# SUM - Tang Nirvana.....



## Taipan (Feb 12, 2012)

For those that are interested in Tangs.....SUM (Sea U Marine) had a pretty impressive collection of Purple Tangs and Blue Tangs. TONS. All different sizes.

As an added bonus. I just checked SUM's weekend specials. Medium Blue Tangs are $29.99.

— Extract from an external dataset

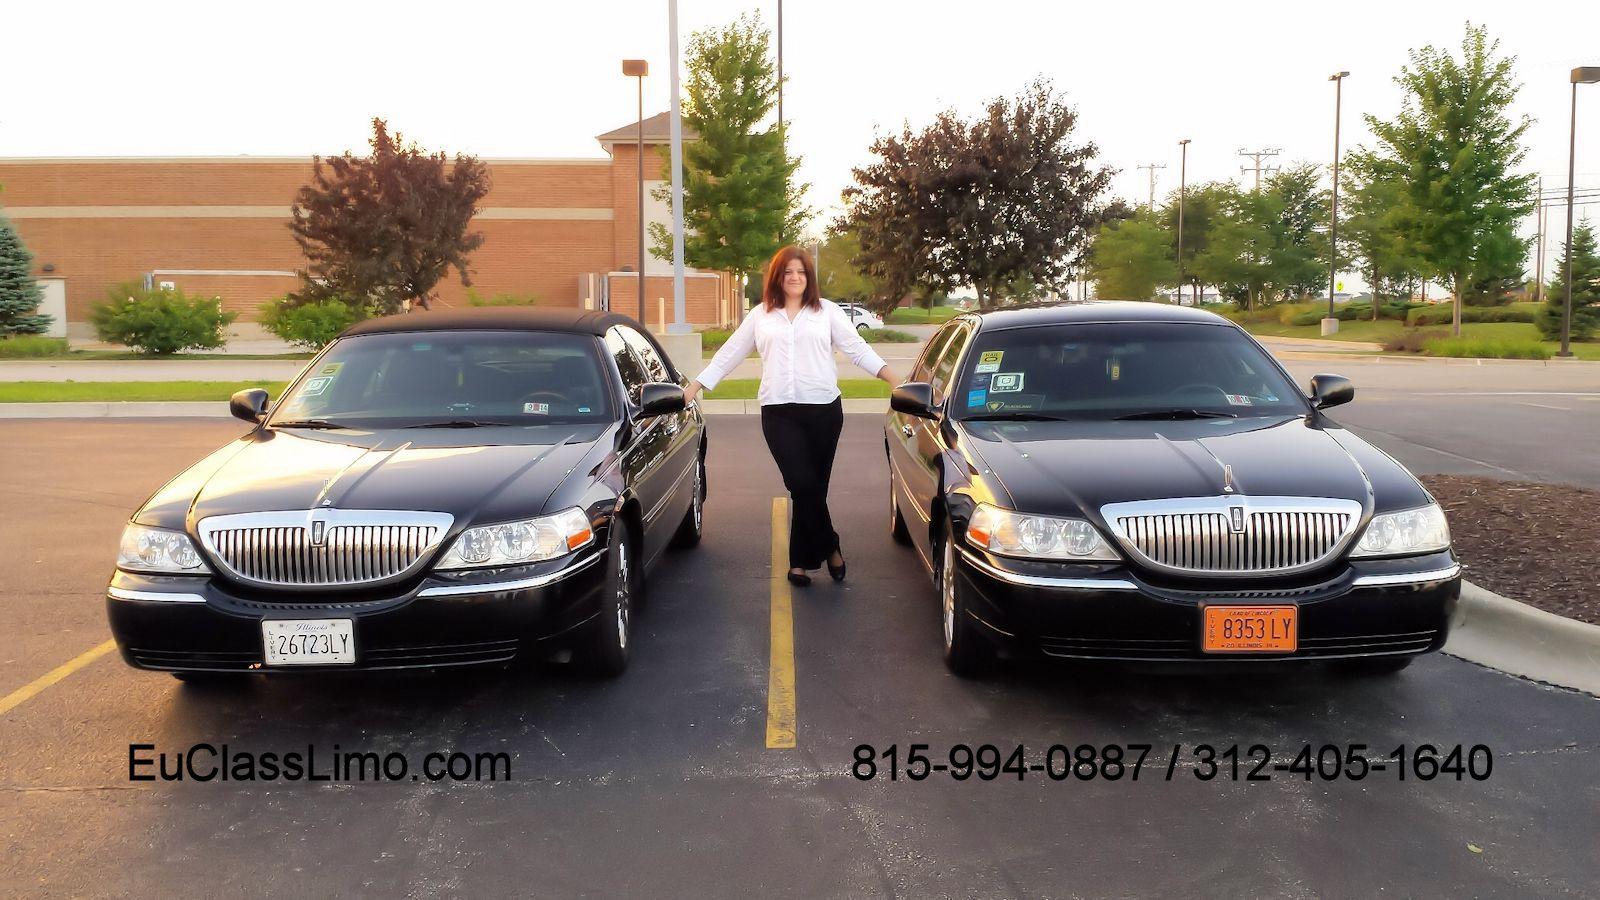 Chicago - Uber Black and Uber Black SUV experience | Uber
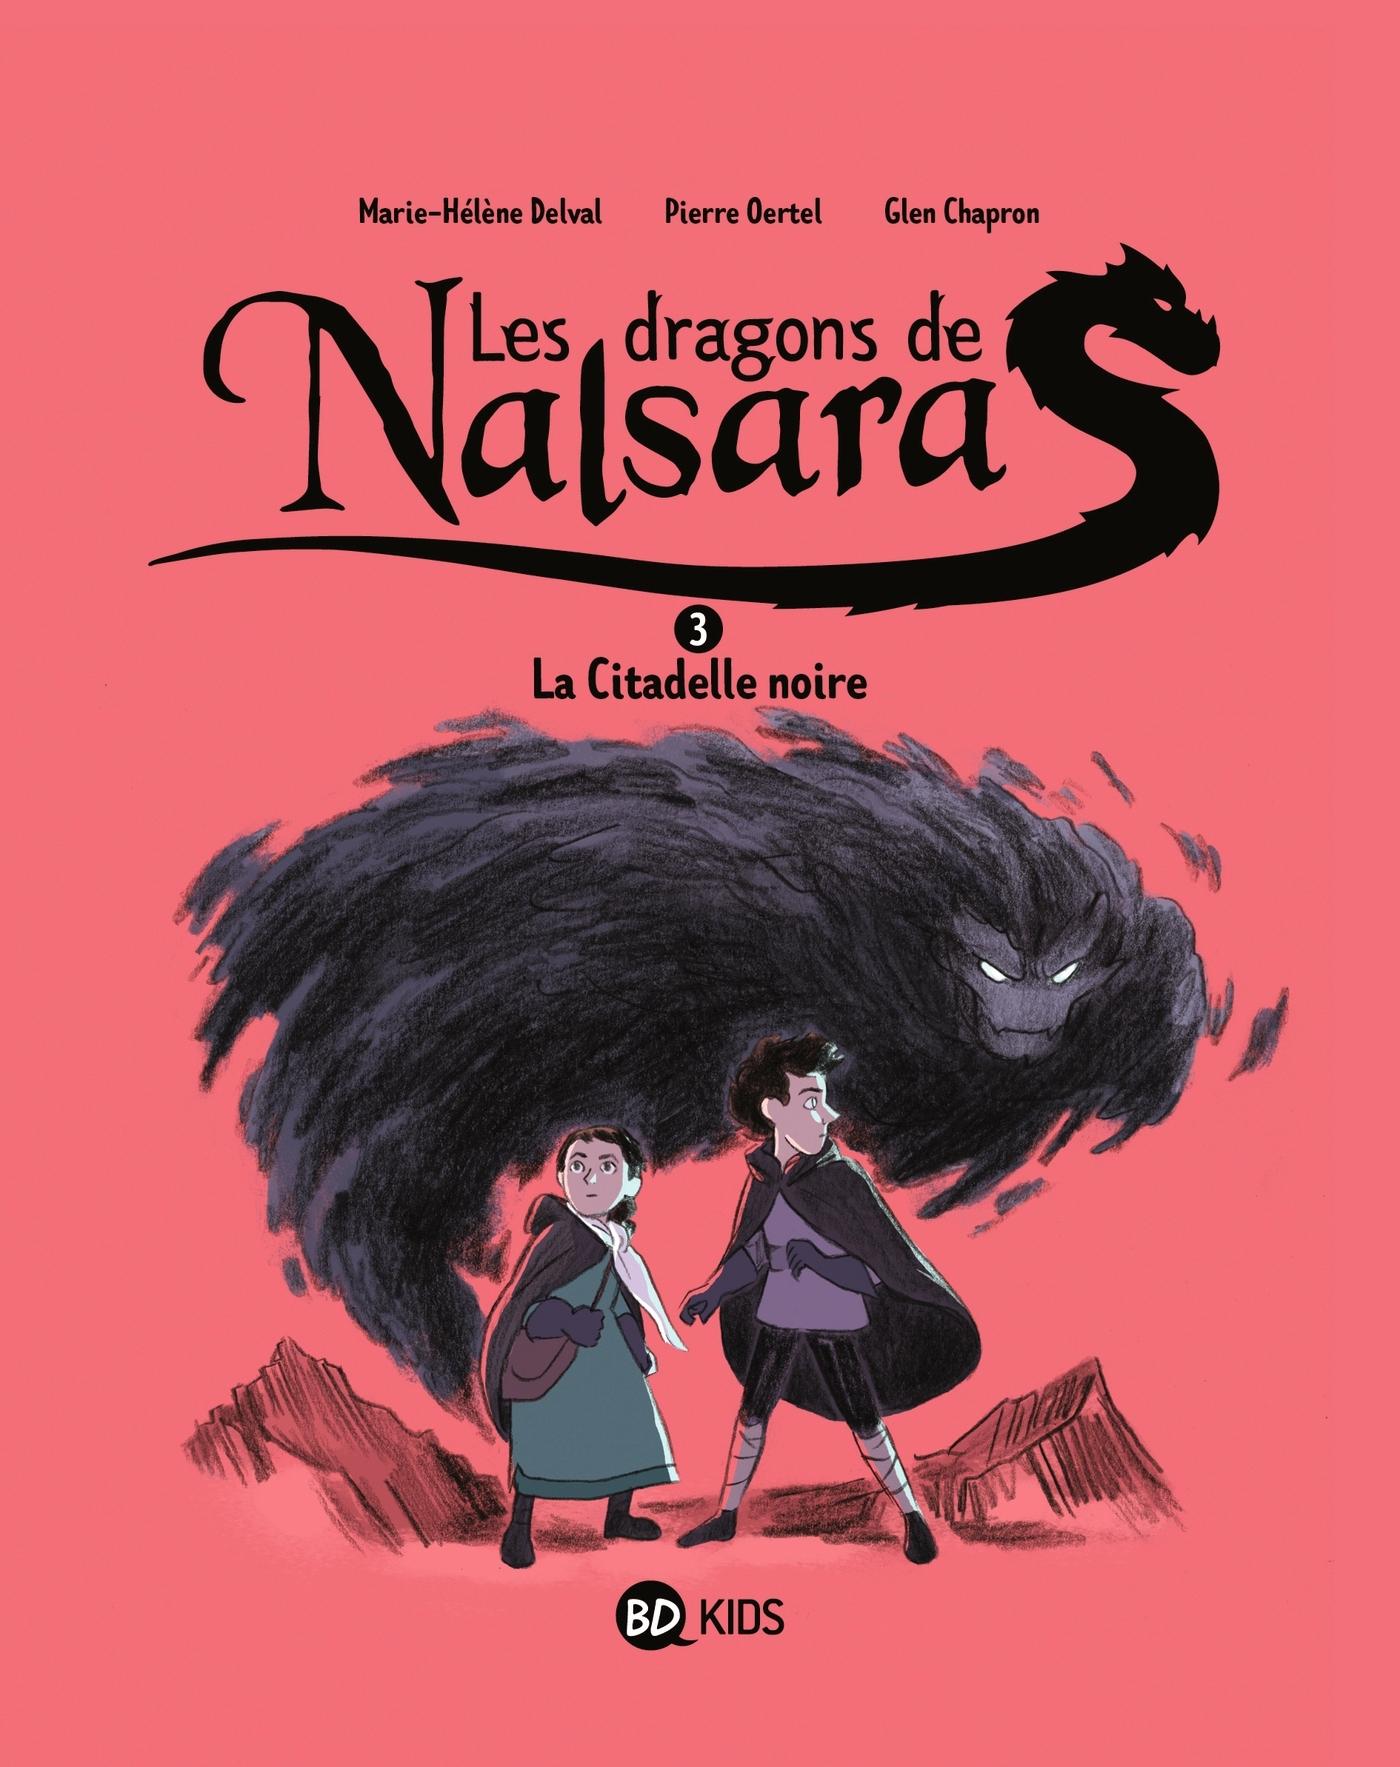 LES DRAGONS DE NALSARA, TOME 03 - LA CITADELLE NOIRE

Pretty large sized Yasha Haze gobies $25.99


----------



## cichlidor (Oct 8, 2009)

Taipan said:


> For those that are interested in Tangs.....SUM (Sea U Marine) had a pretty impressive collection of Purple Tangs and Blue Tangs. TONS. All different sizes.
> 
> As an added bonus. I just checked SUM's weekend specials. Medium Blue Tangs are $29.99.
> 
> Pretty large sized Yasha Haze gobies $25.99


ohhh men!i would love to have that blue tang but dont drive...do u guys know of any bus that pass SUM.


----------



## teemee (Aug 29, 2009)

Don't call the TTC, like I did!!!
I ended up stranded in Markham, and ended up taking a $30 cab!
There is a Markham bus that goes along Warden and stops 100m away from the plaza. But call Markham transit and find out where a) the bus stop is (somewhere around steeles and warden) and b) what days it runs. Because my cab driver told me it only runs on weekdays, but the TTC thought it ran all the time... It doesn't!!! 
Good luck, God speed (you'll need it!!!) and if you take the bus please let me know exactly how you did it!


----------